I have a csv file with people's names and averages as below:

mandana,7.5
hamid,6.066666666666666
sina,11.285714285714286
sara,9.75
soheila,7.833333333333333
ali,5.0
sarvin,11.375

I want to sort it by the averages and write it into another file. I've tried lambda and itemgetter but I didn't get the proper result. Here is my code:

def calculate_sorted_averages(file1, file2):
with open (r'C:\Users\sony\Desktop\Python with Jadi\file1.csv', 'r') as f1:
    reader=csv.reader(f1)
    d={}
    for row in reader:
        name=row[0]
        average=row[1]
        d[name]=average
    sorted_dict=OrderedDict(sorted(d.items(), key=operator.itemgetter(1), reverse=True))
    with open (r'C:\Users\sony\Desktop\Python with Jadi\file2.csv', 'w', newline='') as f2:
        for key in sorted_dict.keys():
            writer=csv.writer(f2)
            writer.writerow([key,sorted_dict[key]])

And here is my output:

sara,9.75
soheila,7.833333333333333
mandana,7.5
hamid,6.066666666666666
ali,5.0
sarvin,11.375
sina,11.285714285714286

As you can see it is not sorted. I've tried also lambda and it didn't work. I'm now frustrated and don't know what to do. Can anyone help me?
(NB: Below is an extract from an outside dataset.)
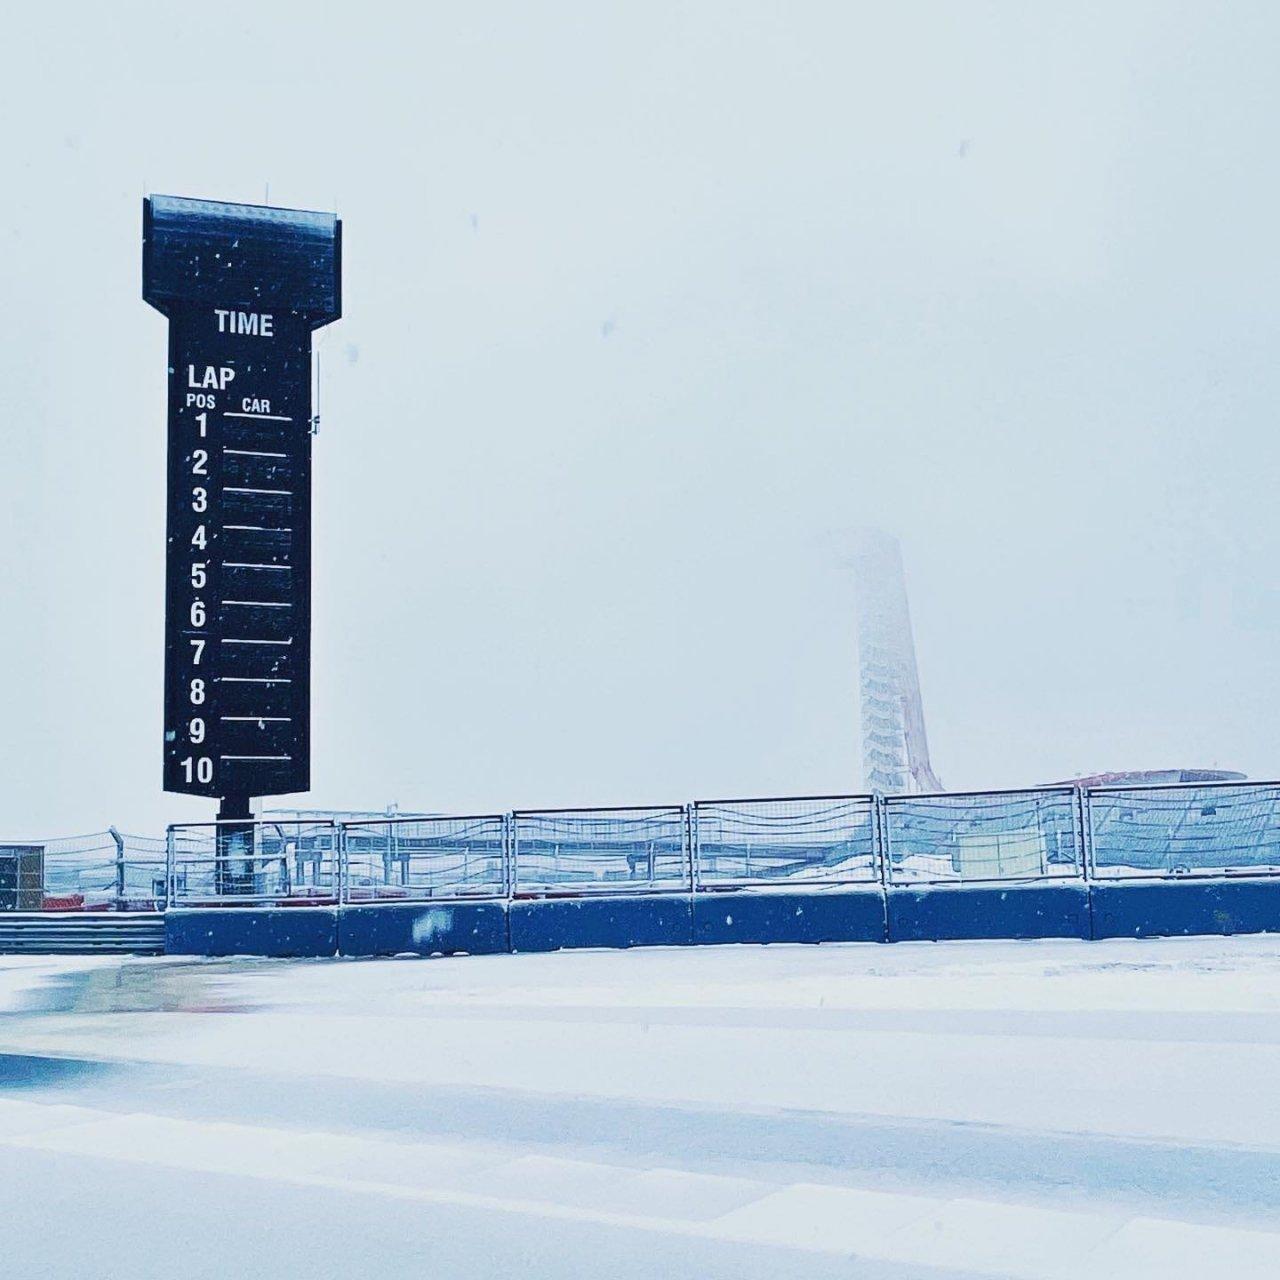 Circuit of the Americas - Snow fall

Thanks.

CodePudding user response：

You got your result because you're sorting lexicographically (comparing your floats as strings) instead of sorting by their numeric value.

All you're missing is casting the numeric value to float and you're done, and sort as usual with key=operator.itemgetter(1)
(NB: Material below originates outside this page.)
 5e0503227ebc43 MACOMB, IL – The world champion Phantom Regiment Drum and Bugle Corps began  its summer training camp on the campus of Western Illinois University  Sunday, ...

def calculate_sorted_averages(file1, file2):
    d = {}
    with open (r'path/to/unsorted.csv', 'r') as f1:
        reader=csv.reader(f1)
        for row in reader:
            name=row[0]
            average=row[1]
            d[name]=float(average)
    sorted_dict=OrderedDict(sorted(d.items(), key=operator.itemgetter(1), reverse=True))
    with open (r'path/to/sorted.csv', 'w', newline='') as f2:
        for key in sorted_dict.keys():
            writer=csv.writer(f2)
            writer.writerow([key,sorted_dict[key]])
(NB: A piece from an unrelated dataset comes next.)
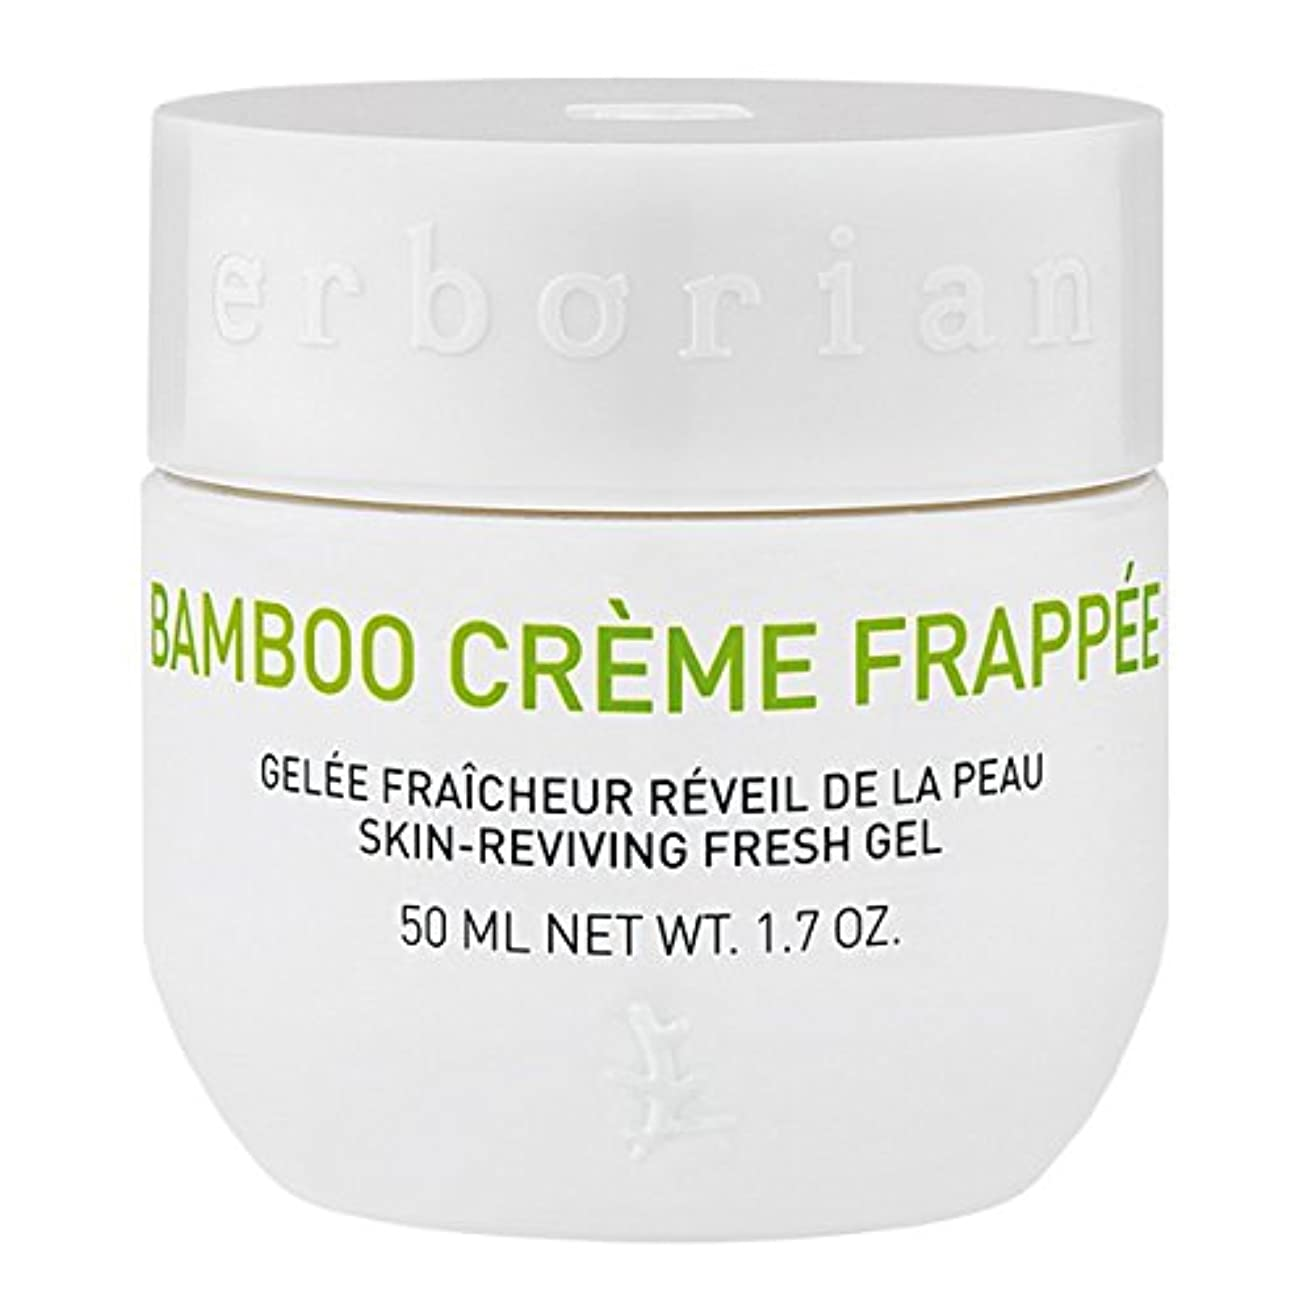 Erborian Bamboo Creme Frappee 50ml [並行輸入品]

CodePudding user response：

aaa = {'0': ['mandana', 7.5], '1': ['hamid', 6.066666666666666], '2': ['sina', 11.285714285714286], '3': ['sara', 9.75],
       '4': ['soheila', 7.833333333333333], '5': ['ali', 5.0], '6': ['sarvin', 11.375]}

sorted_ = sorted(aaa.items(), key=lambda x: x[1][1])
sorted_ = dict(sorted_)

Output

{'5': ['ali', 5.0], '1': ['hamid', 6.066666666666666], '0': ['mandana', 7.5], '4': ['soheila', 7.833333333333333], '3': ['sara', 9.75], '2': ['sina', 11.285714285714286], '6': ['sarvin', 11.375]}

You didn't show the entire dictionary with the keys. So I created my 'aaa'. Sorting takes place by the second element.

CodePudding user response：

By default, text read from a file, with or without csv.reader, is stored into strings. You need to call float on the second element of each row, to interpret it as a floating-point number.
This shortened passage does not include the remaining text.